Девочка пожала плечами и задумалась, насколько может быть полезна эта своя голова, но так и не решила. Маме виднее.
Антонина Ивановна тоже так считала, поэтому с дочерью не церемонилась и называла вещи своими именами. Чаще других использовалось имя «дура» и все его производные.
– Дурища ты моя! – почти ласково обращалась мать к Катьке, заметив, как та изучает себя в зеркале. – Понравиться ему хочешь? Не понравишься, не надейся, рожей не вышла. Говорила я тебе, не приживаются у нас мужики в доме. И этот не приживется.

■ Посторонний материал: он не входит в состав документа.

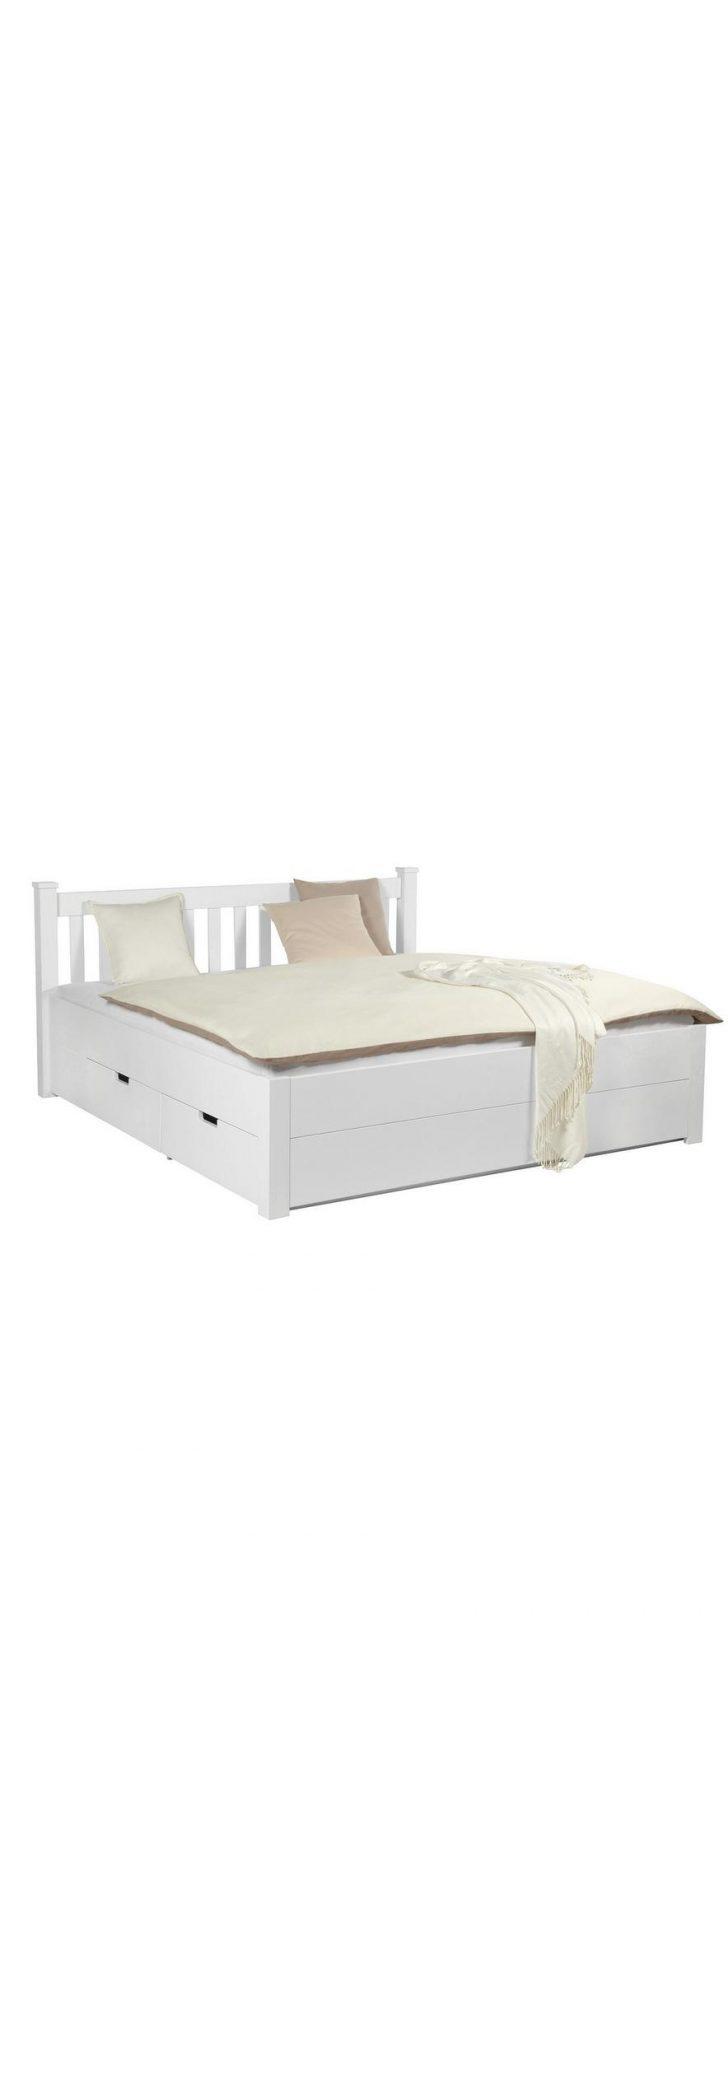 Medium Size of Bett In Wei Ca 140x200cm Online Kaufen Mmax Wasser Feng Shui Altes Komplett Leander Luxus Betten Ikea 160x200 Clinique Even Better Foundation Sonoma Eiche Bett Bett Weiss

Катька вздыхала, Антонина расстраивалась и продолжала свой бесконечный монолог:
– И где гордость твоя? Любят гордых, а не таких, как ты: чуть глазом моргнул – и нате, пожалуйста, берите меня на блюдечке с голубой каемочкой. Может, я вообще им от дома откажу? Хотите – обижайтесь, хотите – нет. Осчастливили! Москвичи. Чего ты вздыхаешь? Не вздыхай! Морду кирпичом делай и мимо ходи, чтоб неповадно было. А то устроились! – возмущалась Самохвалова.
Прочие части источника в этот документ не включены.